- Born: July 11, 1926 Chicago, Illinois
- Died: October 13, 2009 (aged 83) Rockville, Maryland
- Occupations: Journalist, instructor in journalism
- Notable credit(s): The New York Times; The Girls in the Balcony: Women, Men, and The New York Times (book)
- Spouse(s): Allyn Baum (divorce); Stanley Levey (d. 1971); William Warfield Ross (d. 2006)
- Children: 5 stepchildren

= Nan C. Robertson =

American journalist and educator (1926–2009)

Nan C. Robertson (July 11, 1926 – October 13, 2009) was an American journalist, author and instructor in journalism. Her awards included a Pulitzer Prize for Feature Writing.

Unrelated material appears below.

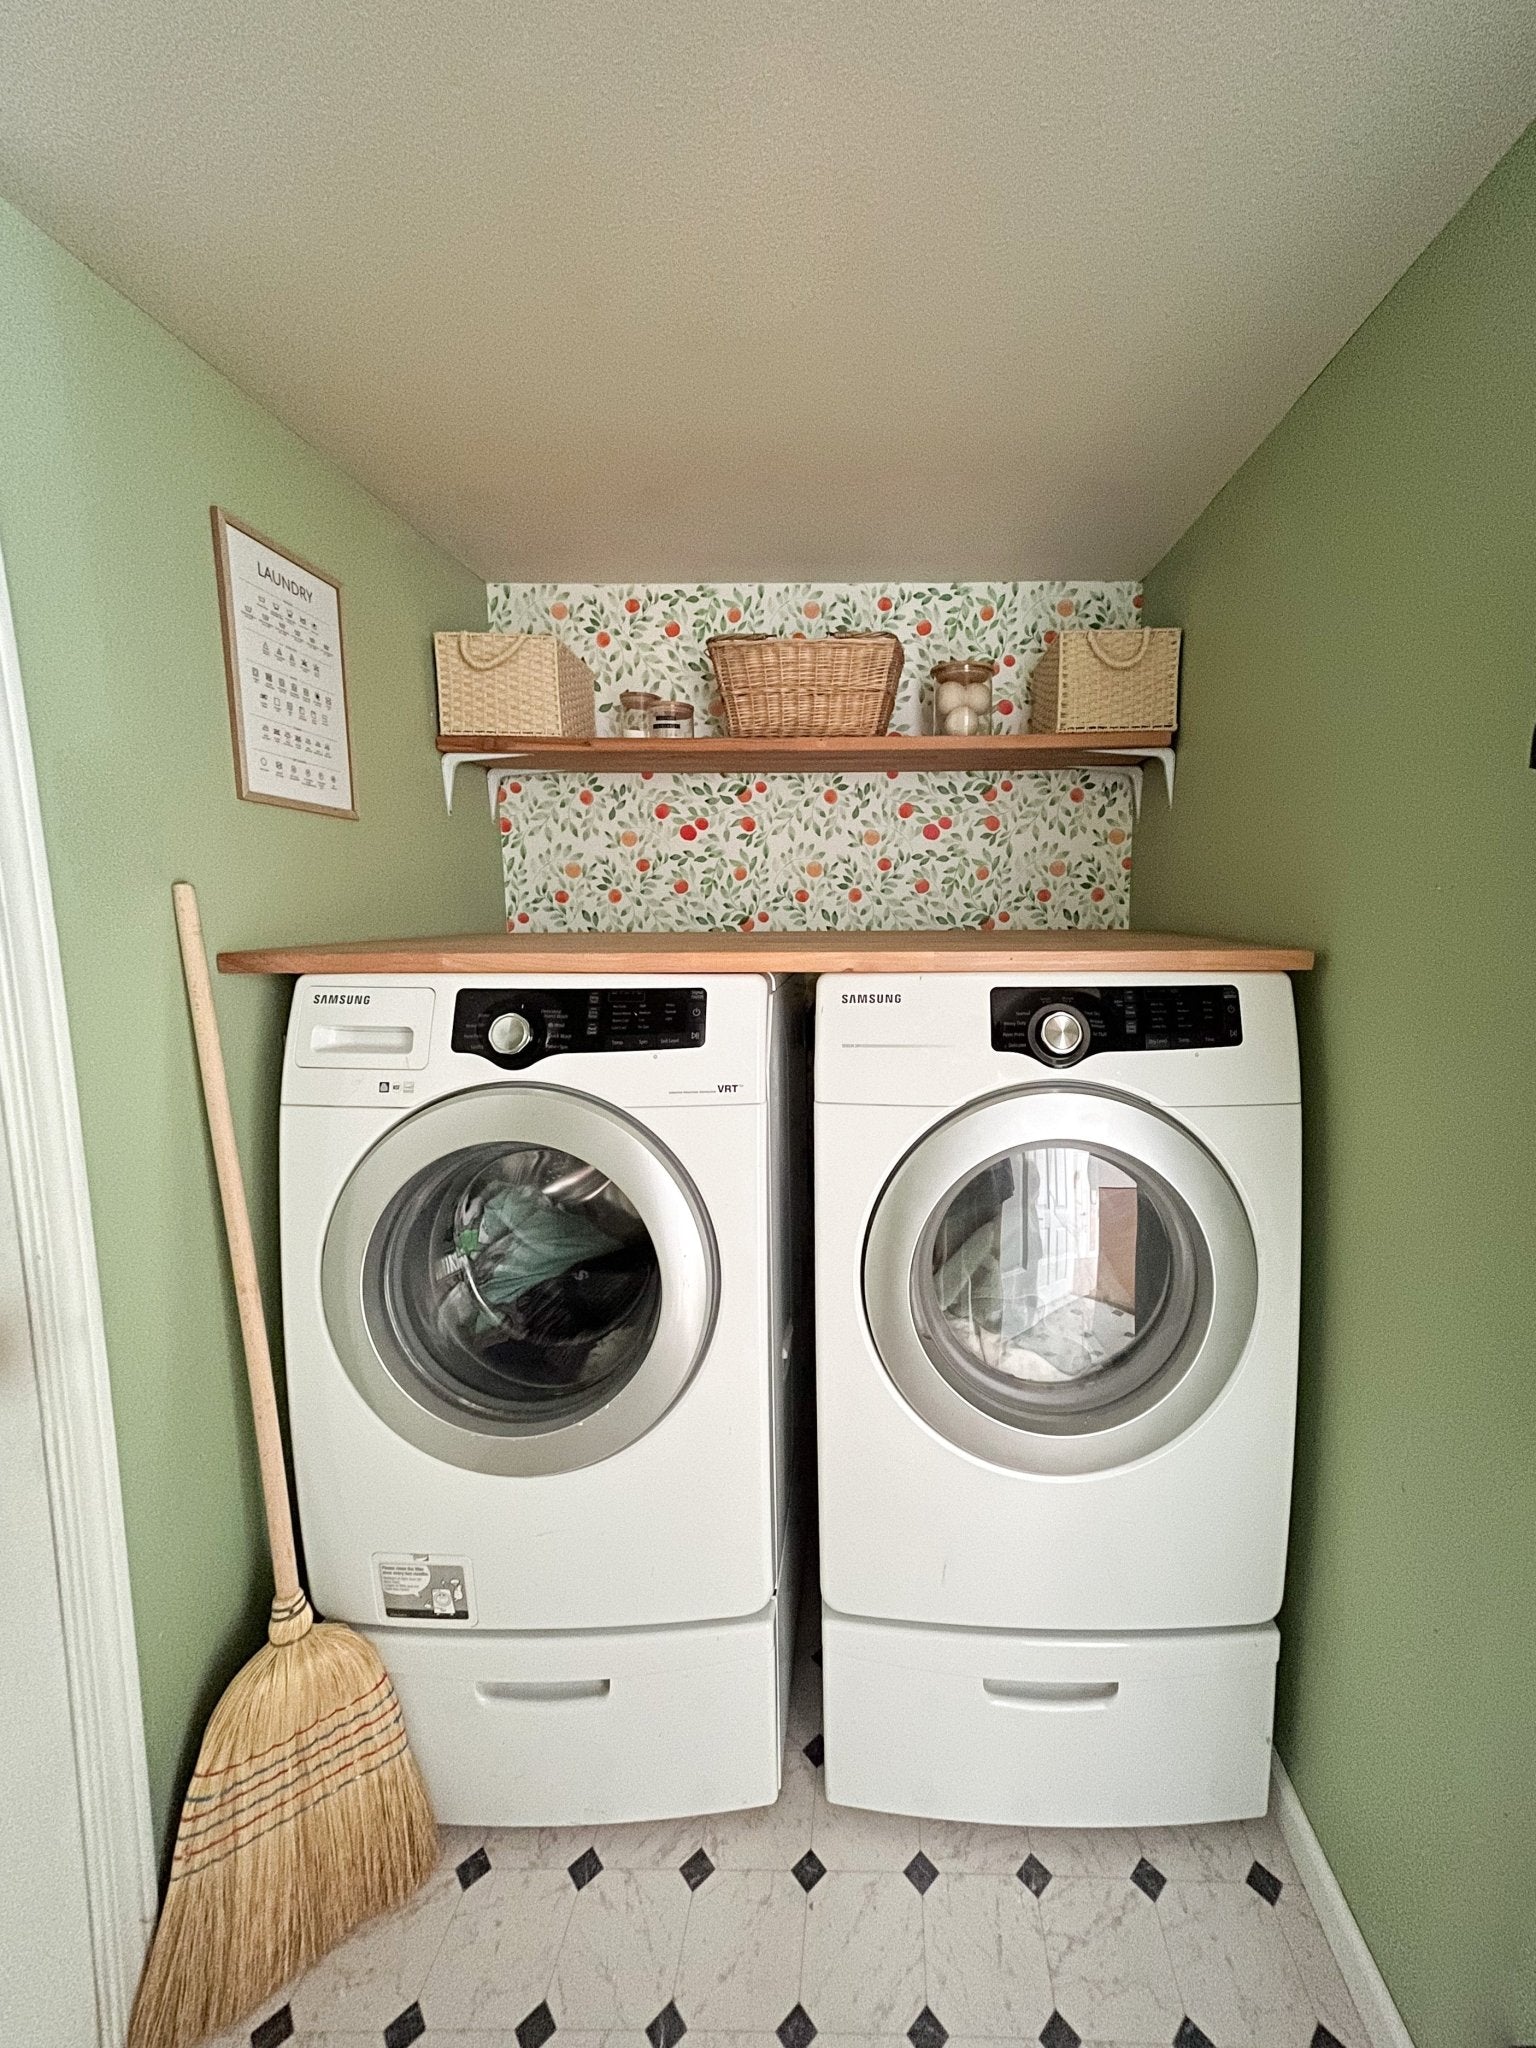 Makeover in Laundry Room using peel and stick oranges wallpaper

==Five decades in journalism==
Born in Chicago, Illinois, Robertson attended Northwestern University, where she was a member of Alpha Phi sorority until she graduated in 1948. She traveled to Europe and was a reporter for Stars and Stripes in Germany (1948–49) and a fashion publicist in Paris (1950). From 1951 to 1953, she was a correspondent in Germany for the Milwaukee Journal and a feature writer and columnist — based in Paris, Berlin, Frankfurt and London — for the New York Herald Tribune from 1952 to 1953. Robertson also reported for the London American Daily from 1953 to 1954.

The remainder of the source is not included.